12. Sampling system (11) according to at least one of claims 7 to 11, wherein the adapter (12) with the sampling container (1) is fixed, especially non-detachable.

13. Sampling system (11) according to at least one of claims 7 to 11, wherein the adapter (12) can be detachably connected to the sampling container (1), in particular in that a sampling container external thread (16) can be screwed into an adapter internal thread (17).

14. Sampling system (11) according to claim 13, wherein the sampling container (1) and the adapter (12) are matched to one another in such a way that by means of a screwing movement that can be transmitted via the second end section (8), the sampling container (1) via the sampling container external thread ( 16) can be screwed into the adapter internal thread (17) of the adapter (12) inserted into the retractable fitting, and that when the same screwing movement is continued by means of a mechanical coupling between the second end section (8) and the first end section (2), the adapter (12) screwed-in sampling container (1) is adjustable from the sampling position (PS) into the transport position (TS), in particular in the retracted position of the retractable retractable fitting.
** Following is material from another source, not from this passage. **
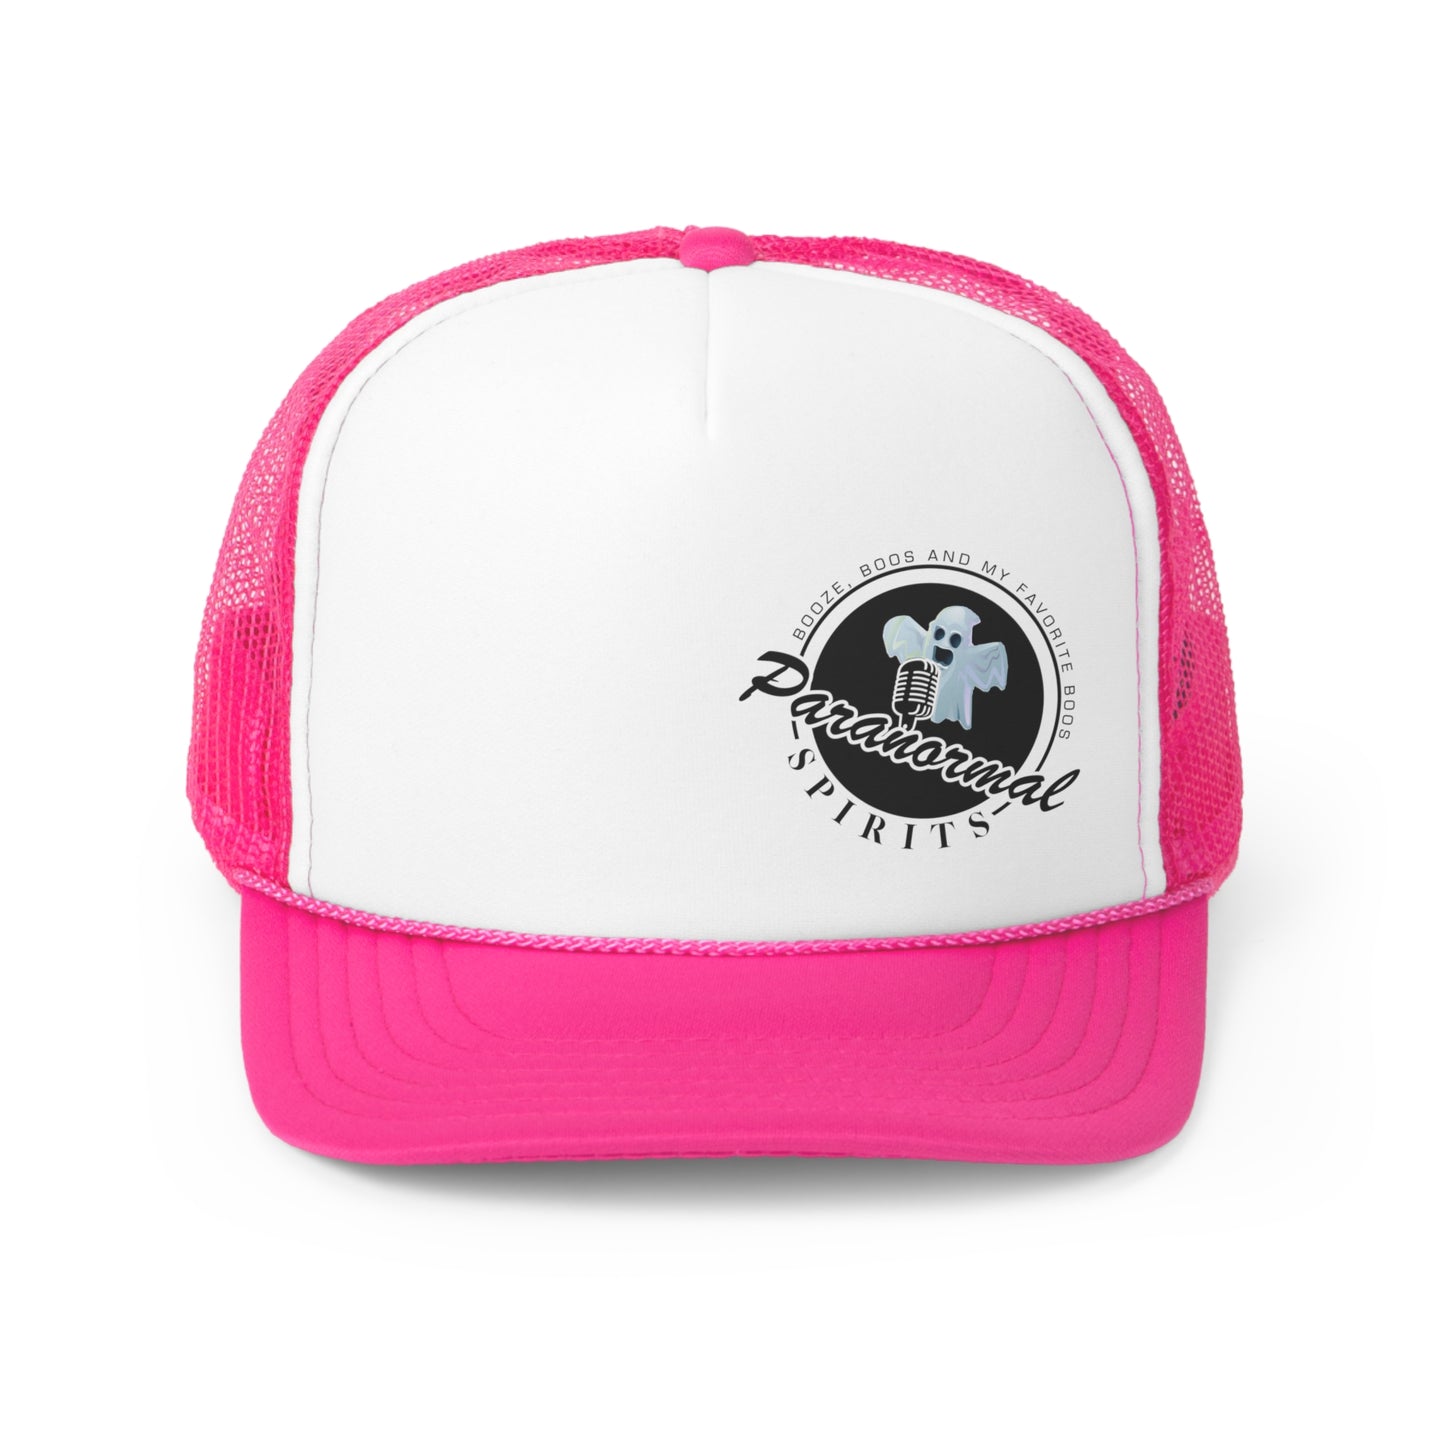 Boozie's Trucker Caps.  Pink, Green, Black or Patriotic Red, White and Blue. 'Merica!

15. Sampling system (11) according to claim 13, wherein the adapter (12) and / or the sampling container (1) has / have a securing element (18) which is designed to secure the releasable connection between the adapter (12) and the sampling container (1) and wherein the securing element (18) is designed in such a way that the releasable connection between the adapter (12) and the sampling container (1) can only be released in the event that the adapter (12) is not inserted into the retractable fitting, in particular from the retractable fitting unscrewed is.

16. Sampling system (11) according to claim 12 or 15, wherein the adapter external thread (15) is matched to the interchangeable fitting internal thread (17) in such a way that by means of a screwing movement that can be transmitted via the second end section (8), the adapter (12 ) releasably or non-releasably connected sampling container (1) can be screwed into the internal thread of the retractable fitting via the adapter external thread (15), and that when the same screwing movement is continued by means of a mechanical coupling between the second end section (8) and the first end section (2) the together with the adapter (12) screwed into the retractable fitting sampling container (1) from the sampling position (PS) into the transport position (TS) is adjustable, in particular in the retracted position of the retractable retractable fitting.
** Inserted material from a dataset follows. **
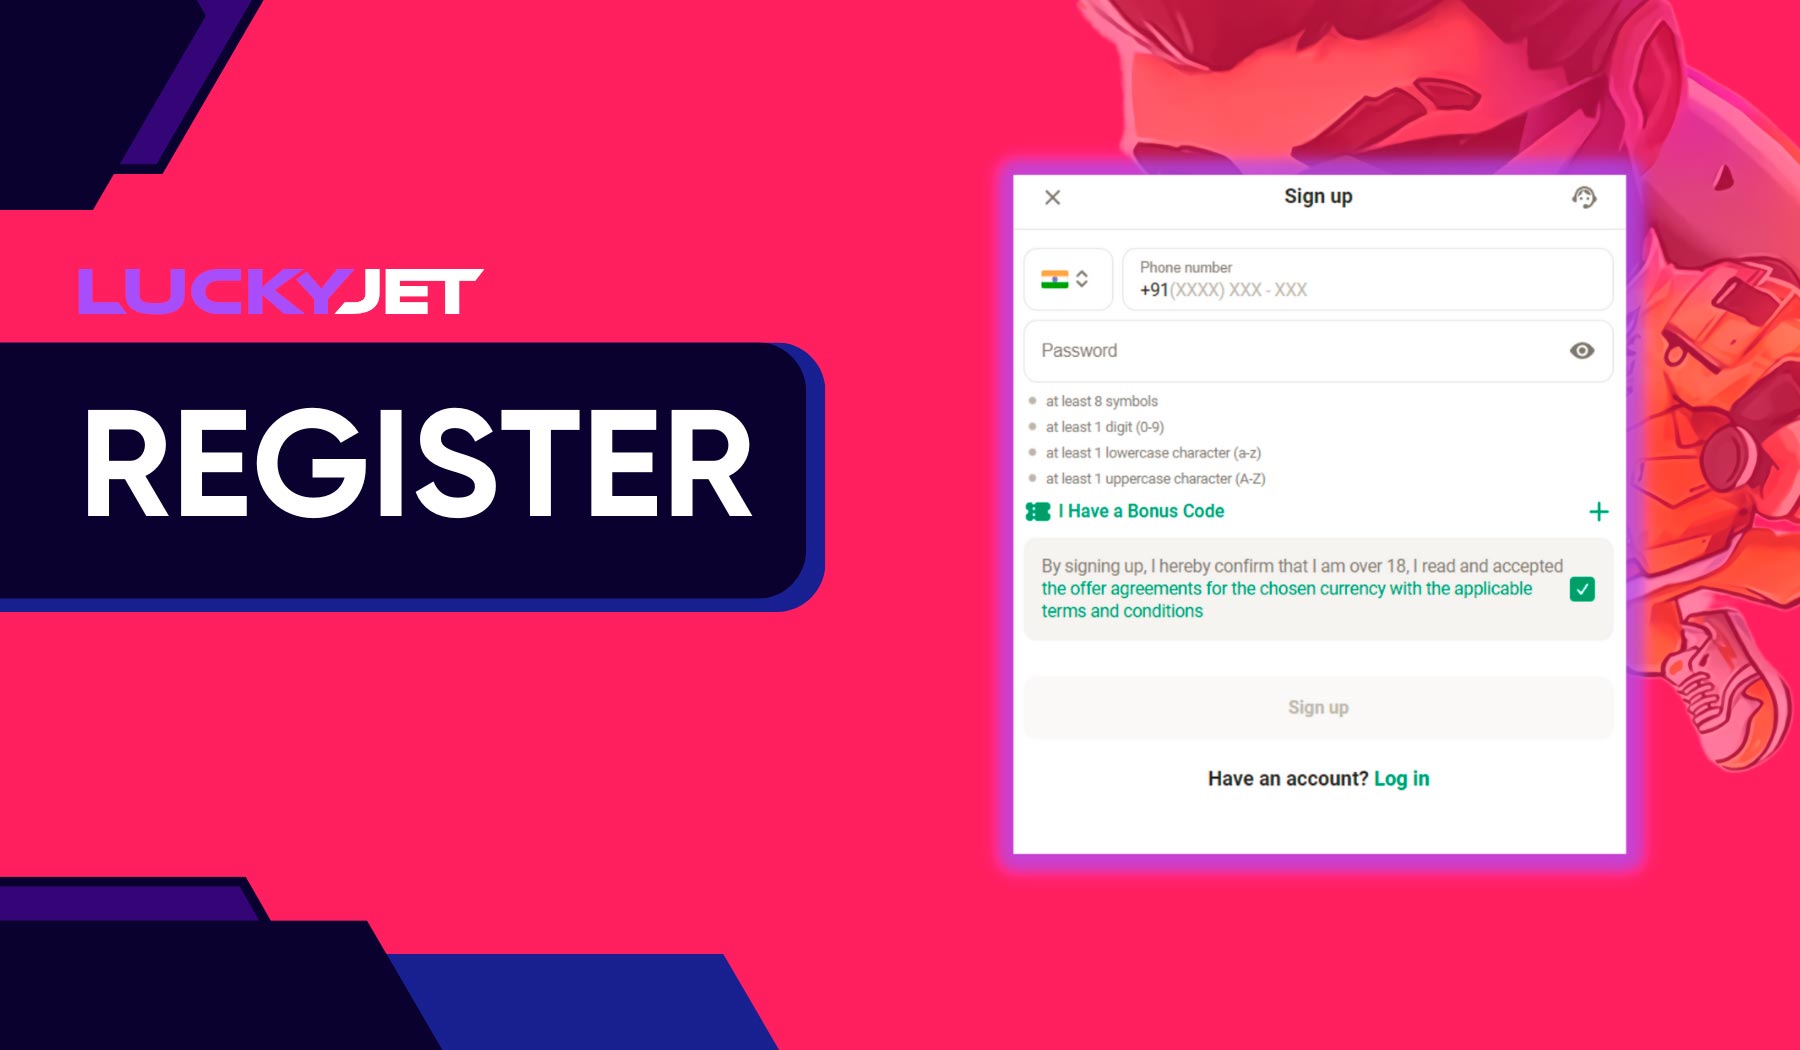 To play Lucky Jet, you need to complete a quick registration on the Parimatch platform

17. A method for sampling a fluid (22) contained in a process container (21) with a sampling system (11) according to at least one of the preceding claims 8 to 16, comprising the steps: - Insertion of the sampling container (1) into the lock fitting (5);

- Moving the lock fitting (5) into the retracted position, in which the first end section (2) of the sampling container (1) is brought into contact with the fluid (22);

- Sampling in which the fluid (22) flows into the sample chamber (4); - Adjustment of the sampling container (1) from the sampling position (PS) to the transport position

(TS);

- Moving the lock fitting (5) into the extended position;

- Removal of the sampling container (1) from the lock fitting (5).
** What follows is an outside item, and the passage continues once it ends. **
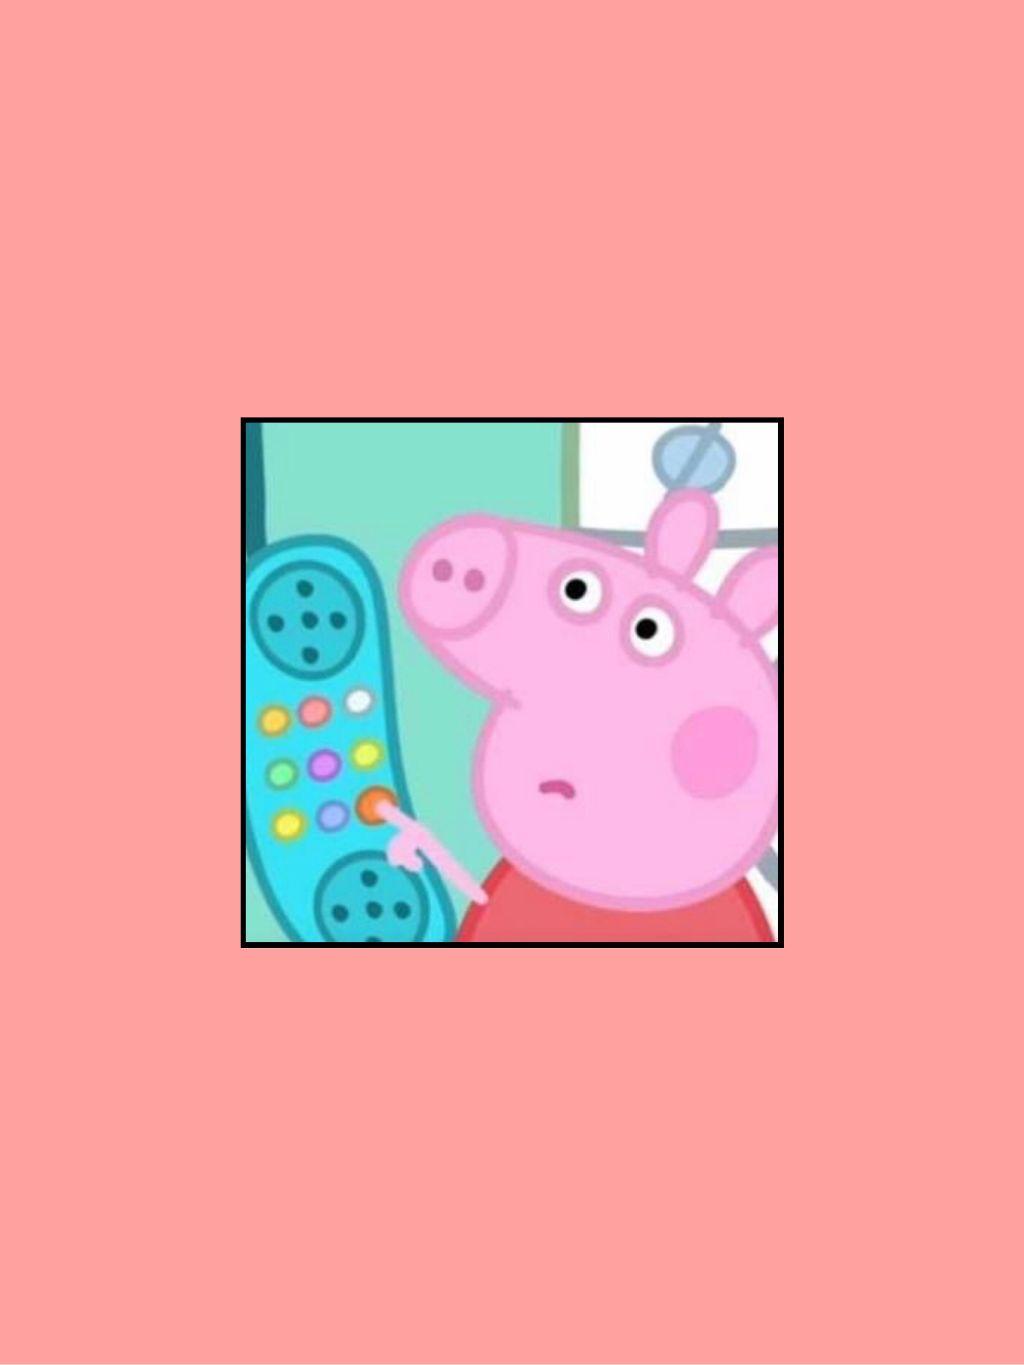 Peppa- what are you doing on my iphone wallpaper? ••••♥

18. The method according to claim 17, wherein the method comprises at least the following step preceding the insertion of the sampling container (1) into the lock fitting (5):

Adjustment of the sampling container (1) from the transport position (TS) to the sampling position (PS).

19. The method according to at least one of claims 17 to 18, wherein a retractable retractable fitting for an electrochemical sensor with an electrochemical sensor (13) inserted therein is used as the lock fitting (5), and wherein the method includes the following, the insertion of the sampling container (1 ) in the lock fitting (5) comprises the preceding steps:

- Removal of the electrochemical sensor (13) from the retractable retractable fitting;

- Placing the adapter (12) on the sampling container (1) or inserting the adapter (12) into the retractable retractable fitting following the removal of the electrochemical sensor (13) from the retractable fitting.